У самых ворот, среди извозчиков и автомобилей, явилась взгляду моему группа, на которую я обратил бы больше внимания, будь немного теплее. Центральной фигурой группы был высокий человек в черном берете с страусовым белым пером, с шейной золотой цепью поверх бархатного черного плаща, подбитого горностаем. Острое лицо, рыжие усы, разошедшиеся иронической стрелкой, золотистая борода узким винтом, плавный и властный жест…
Здесь внимание мое ослабело. Мне показалось еще, что за острой, блестящей фигурой этой, покачиваясь, остановились закрытые носилки с перьями и бахромой. Три смуглых рослых молодца в плащах, закинутых через плечо по нижнюю губу, молча следили, как из ворот выходят профессора, таща за спиной мешки с хлебом. Эти три человека составляли как бы свиту. Но не было места дальнейшему любопытству в такой мороз. Не задерживаясь более, я прошел в двор, а за моей спиной произошел разговор, тихий, как перебор струн.
— Это тот самый дом, сеньор профессор! Мы прибыли!
— Отлично, сеньор кабалерро! Я иду в главную канцелярию, а вы, сеньор Эвтерп, и вы, сеньор Арумито, приготовьте подарки.
— Немедленно будет исполнено.
Уличные зеваки, глашатаи «непререкаемого» и «достоверного», а также просто любопытные содрали бы с меня кожу, узнав, что я не потолкался вокруг загадочных иностранцев, не понюхал хотя бы воздуха, которым они дышат в тесном проходе ворот, под красной вывеской 'Дома ученых'. Но я давно уже приучил себя ничему не удивляться.

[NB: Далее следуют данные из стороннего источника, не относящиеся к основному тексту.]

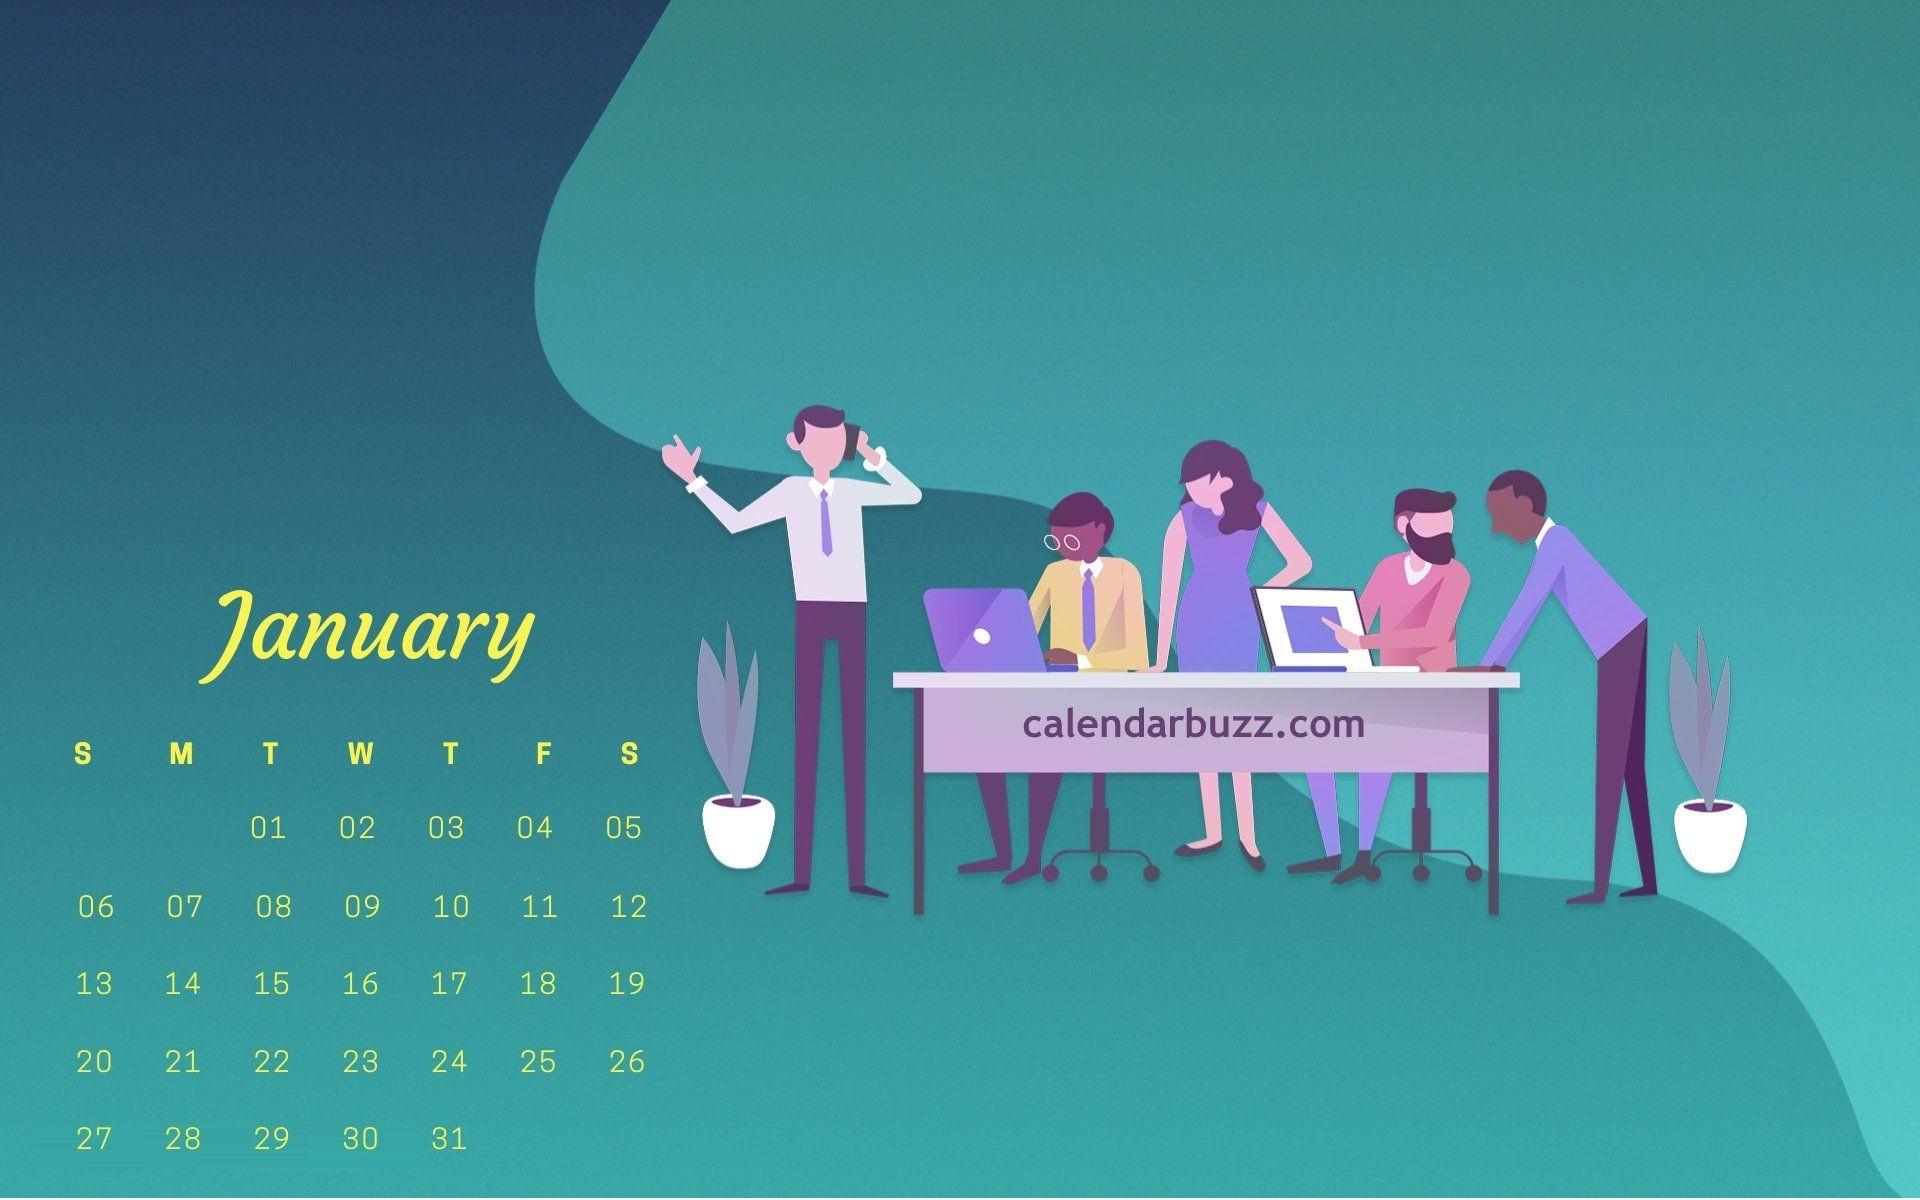 stylish january 2019 calendar wallpaper

Вышеуказанный разговор произошел на чистом кастильском наречии, и так как я довольно хорошо знаю романские языки, мне не составило никакого труда понять, о чем говорят эти люди. 'Дом ученых' время от времени получал вещи и провизию из различных стран. Следовательно, прибыла делегация из Испании. Едва я вошел в двор, как это соображение подтвердилось.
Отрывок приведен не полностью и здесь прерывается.